* The data

========================================================================

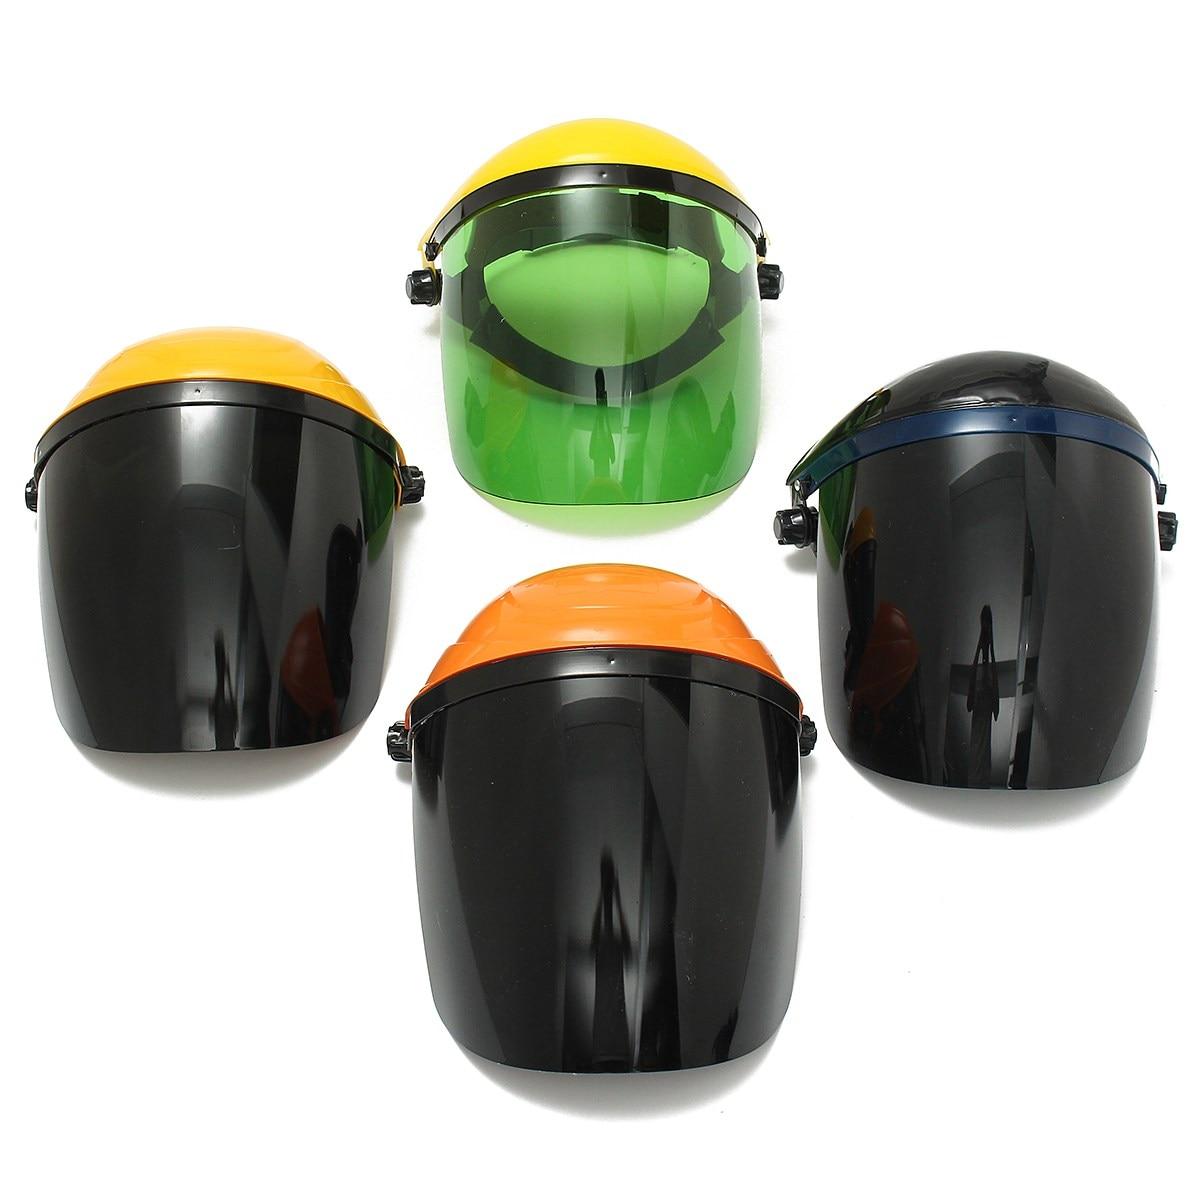 Adjustable Safety Helmet ARC TIG MIG Welder Lens Grinding Mask + Safety Goggles Workplace Safety maritime safety
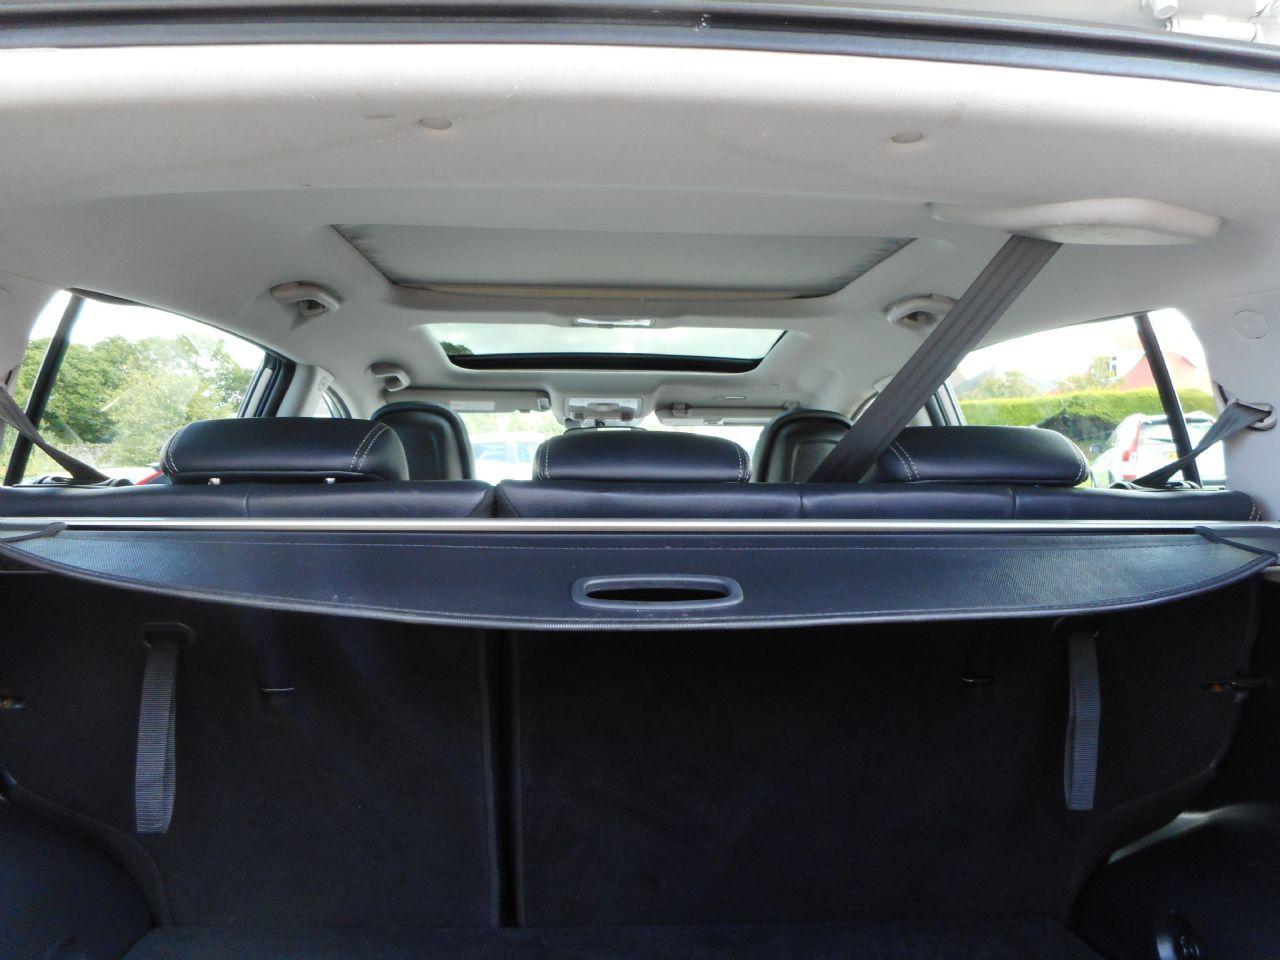 KIA Sportage 1.7 CRDi 2 2WD (2012) - Picture 14
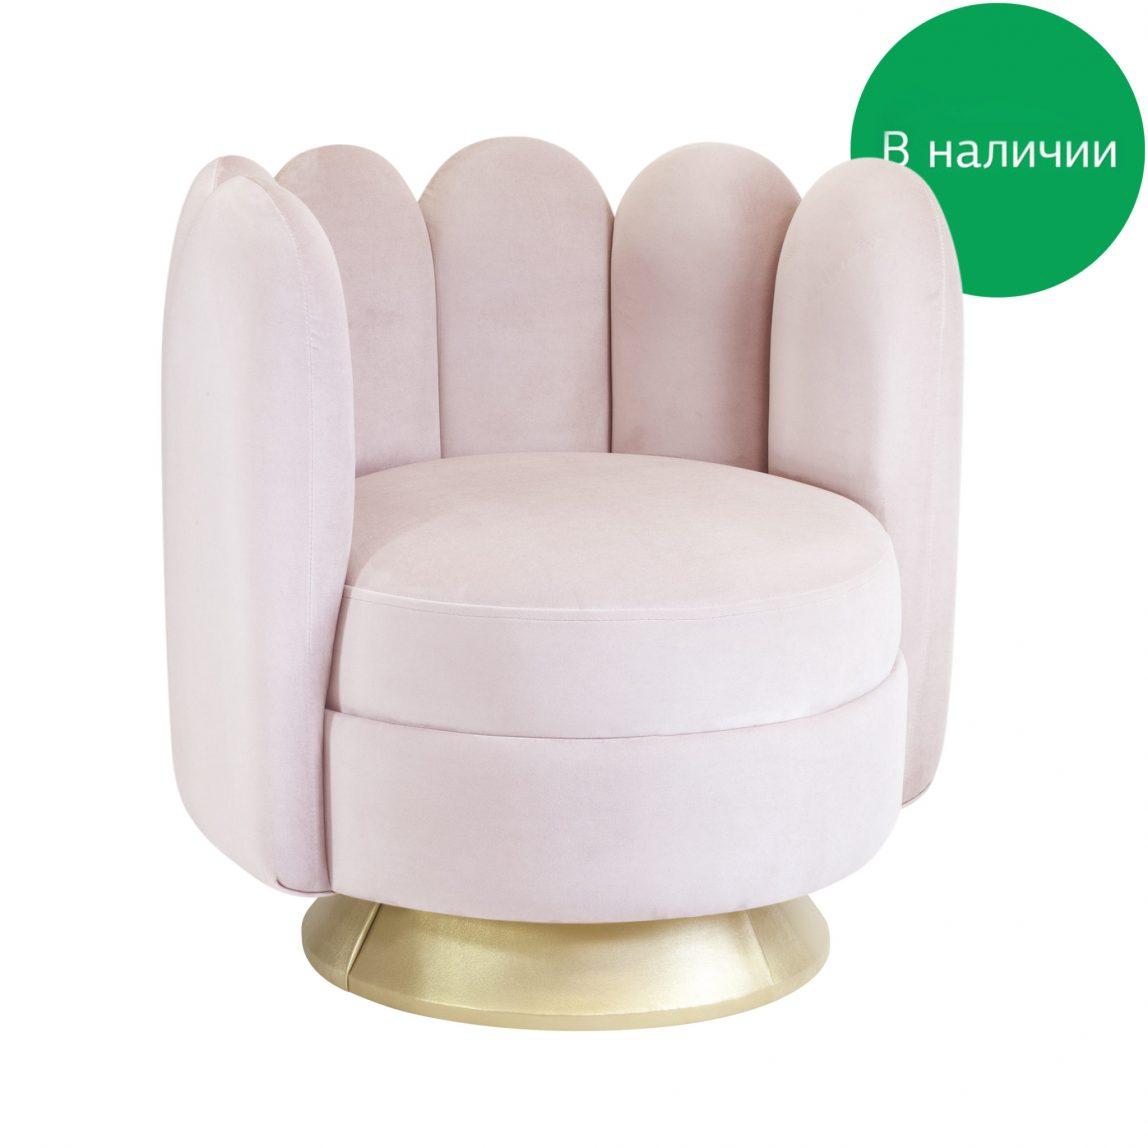 Круглое поворотное будуарное кресло Sketch Мадави

========================================================================

* Directions
All of the data above must be printed exactly, minus its pictures.

* Exercise result
 Adjustable Safety Helmet ARC TIG MIG Welder Lens Grinding Mask + Safety Goggles Workplace Safety maritime safety
 KIA Sportage 1.7 CRDi 2 2WD (2012) - Picture 14
 Круглое поворотное будуарное кресло Sketch Мадави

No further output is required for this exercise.